顧之羲聽得一愣,怎麼也沒想到,她會就這麼說出來,一時失語。
除了不明所以的馮雪年,其他人都睜大了眼。
對顧柏與顧之羲之間的過節心知肚明的白羿這才反應過來,剛才包廂里的氣氛為什麼會這麼古怪,顧之羲出去一趟回來後的表情又為什麼變得這麼冷硬。
但更讓他奇怪的還是:「小沉你……就這麼,直接說了?」
沉晨茫然,「不然呢?」
她本來也沒想瞞著霸總。
她挺起胸脯:「要是不說,萬一顧總誤會我身在曹營心在漢怎麼辦?」
顧之羲緊盯著她,徐徐開口:「那他想讓你,做什麼?」
沉晨板著手指頭細數:「他讓我抹黑您的形象,搞壞您的精神,傷害您的身體,哦,還有一些具體的操作指南。
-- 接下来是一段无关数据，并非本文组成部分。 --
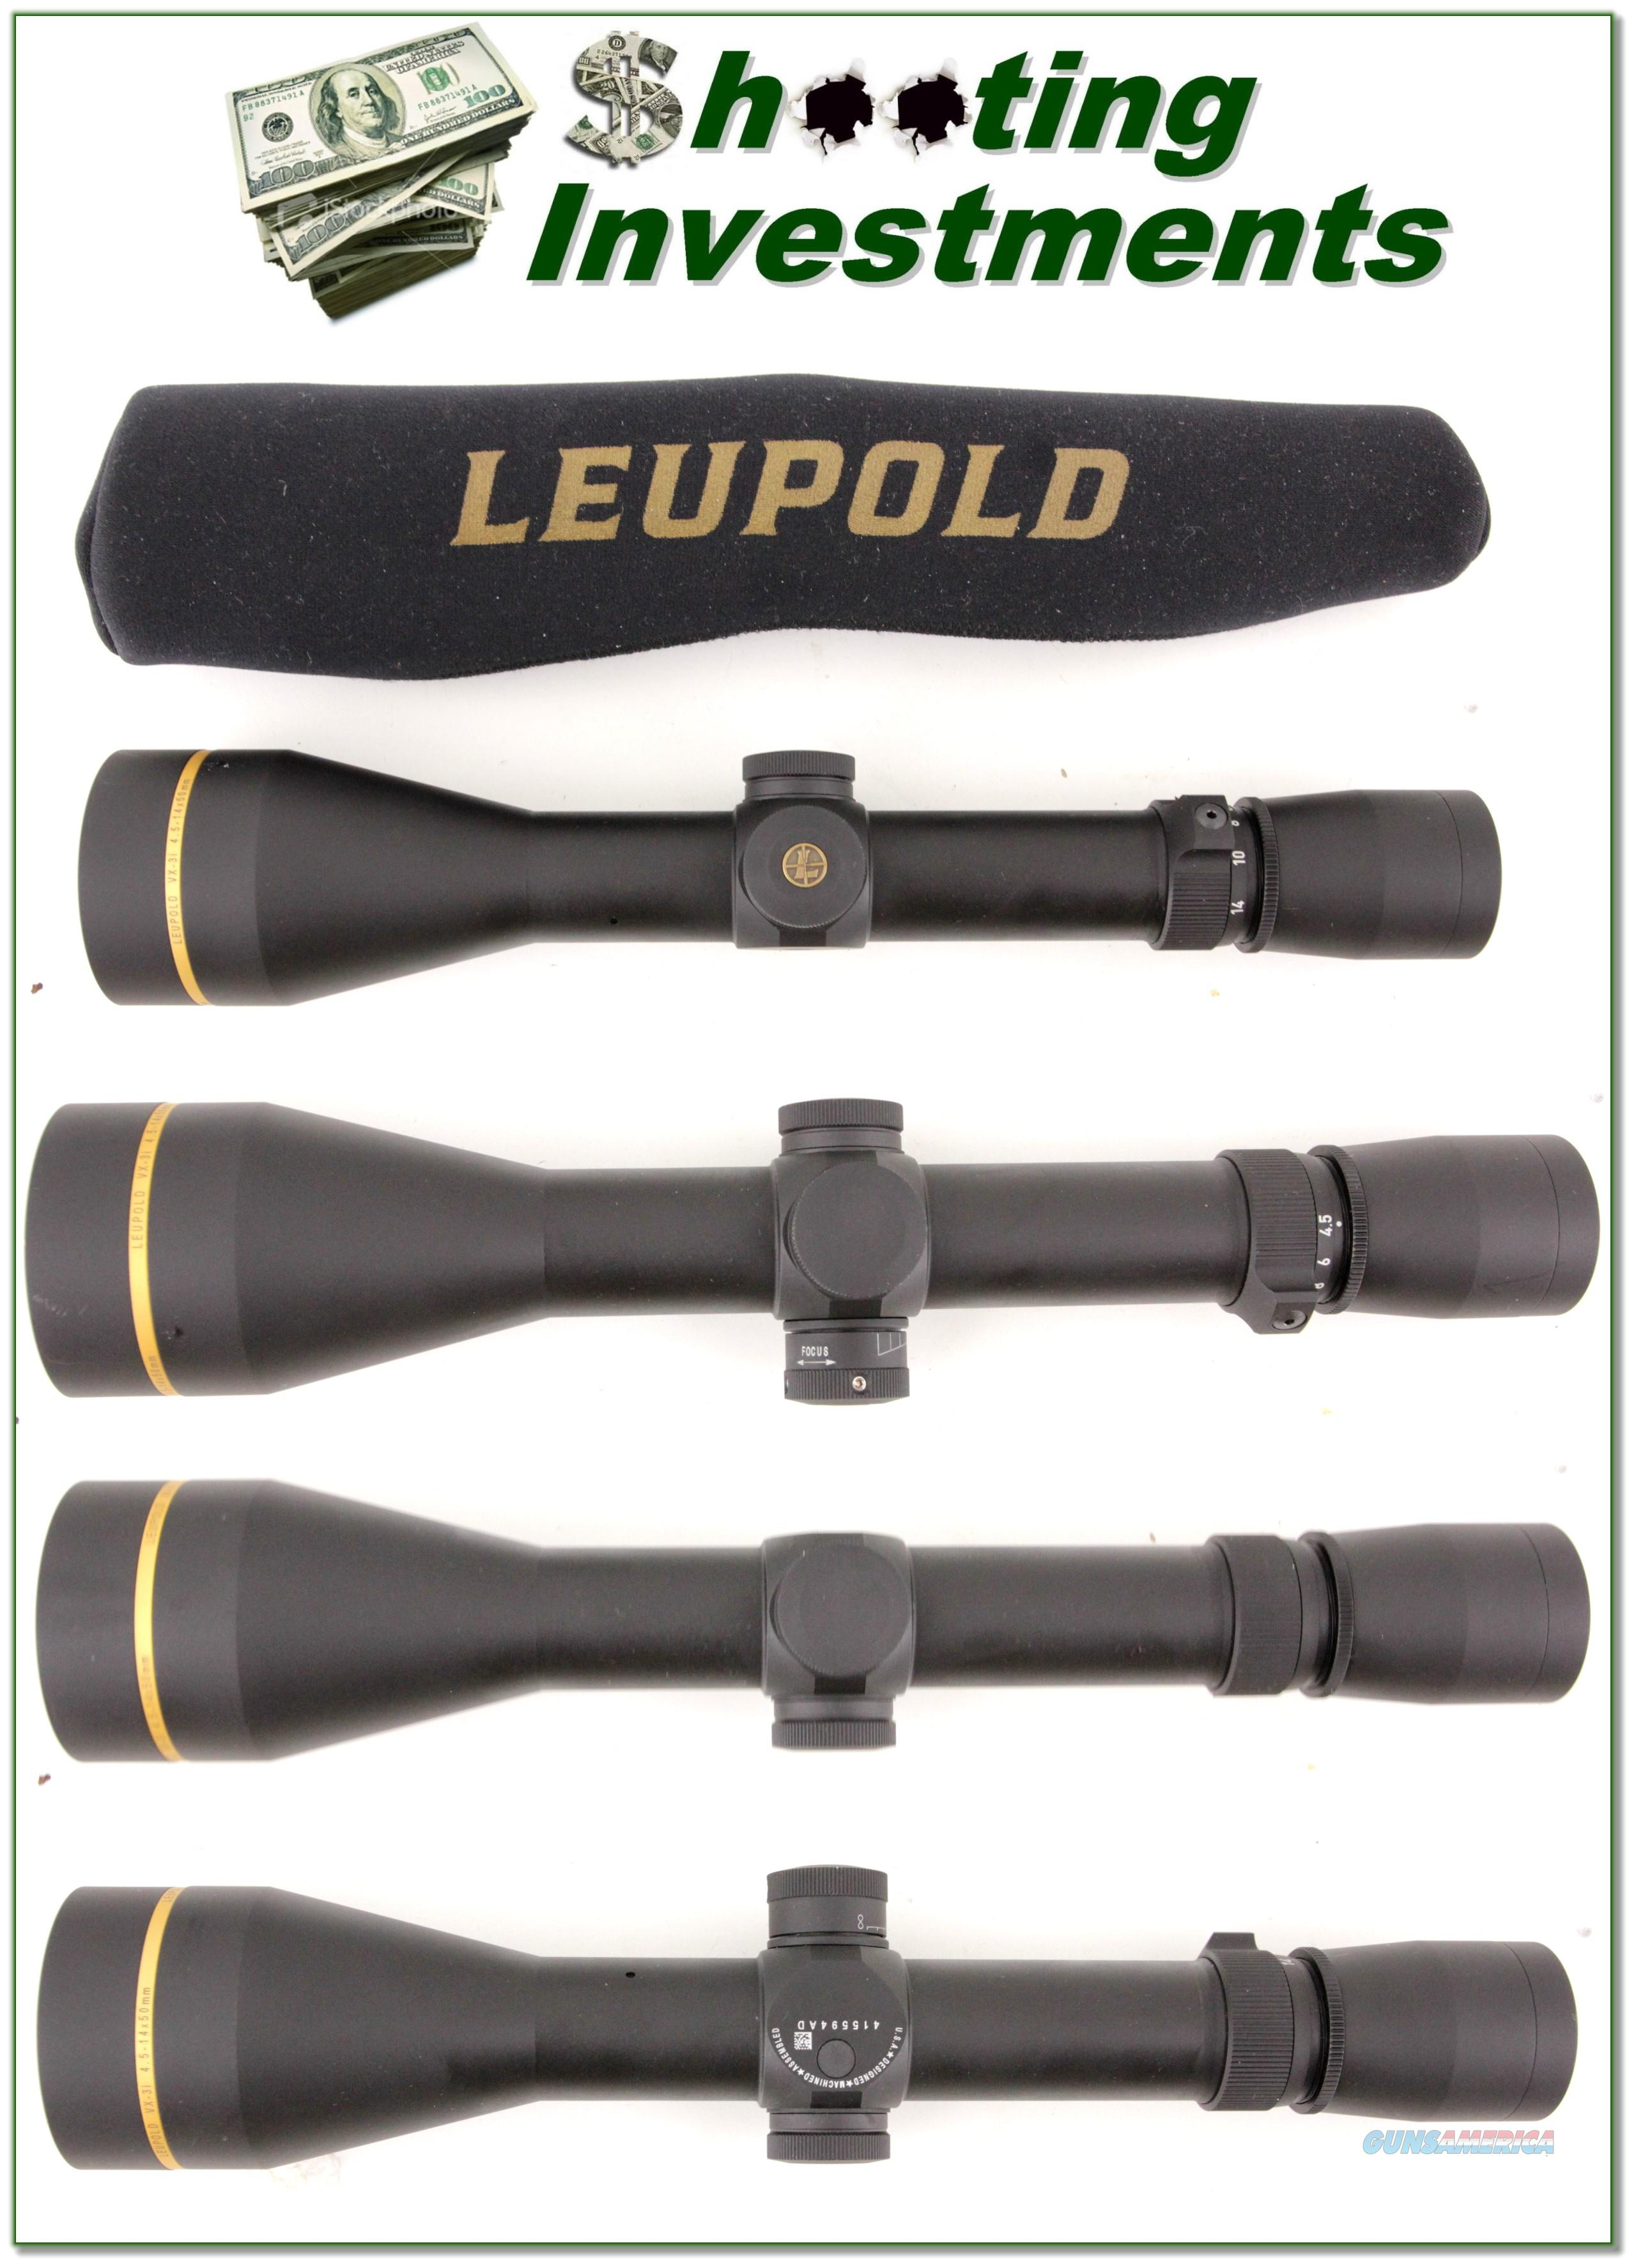 New Condition Leupold VX-3i 4.5-14x50mm 30mm AO  Non-Guns > Scopes/Mounts/Rings & Optics > Rifle Scopes > Variable Focal Length

」
說完她意味深長地點評:「他可真是壞透了。」
顧之羲:「……」
她居然如實相告了。
奇異的,顧之羲心底涼透了的角落開始回溫。
她喋喋不休的語氣像是在打小報告,但發生在她身上,好像就只有可愛,毫無可恨。
沉晨微笑:「顧總,您放心,我剛才雖然答應他了,但那只是暫時穩住他,絕對不會為了給他辦事就傷害您的。」
確實,她傷害他,純粹是她的個人意志。
可是顧之羲卻一點氣憤都升不起來。
上次在電梯裡,他第一次坐了過山車,這次,他坐了第二次。
如果說剛才她笑著進來的那刻,他的心情是跌入谷底,那現在就是毫無防備飛上了山峰。
顧柏找她秘密談話了。
她答應顧柏做他的內應加害他。
但是轉頭跟他們和盤托出。
所以,她沒有背叛他們的信任。
早知如此,他之前還攔著他們見面幹什麼。
一塊一直壓在他心底的石頭,好像突然被沉晨搬開了。
全程茫然的馮雪年發覺,包廂里的氣氛突然又由陰轉晴了。
那幾個特助看沉晨的眼神,似乎又回到了最初。
也不是,與最初隱約還有點區別,他也說不上來。
「還吃飯嗎?菜都涼了。」
吃完了飯,顧之羲送沉晨回學校。
沉晨坐在顧之羲旁邊,在手機上一陣操作,新建了一張表格,開始埋頭打字。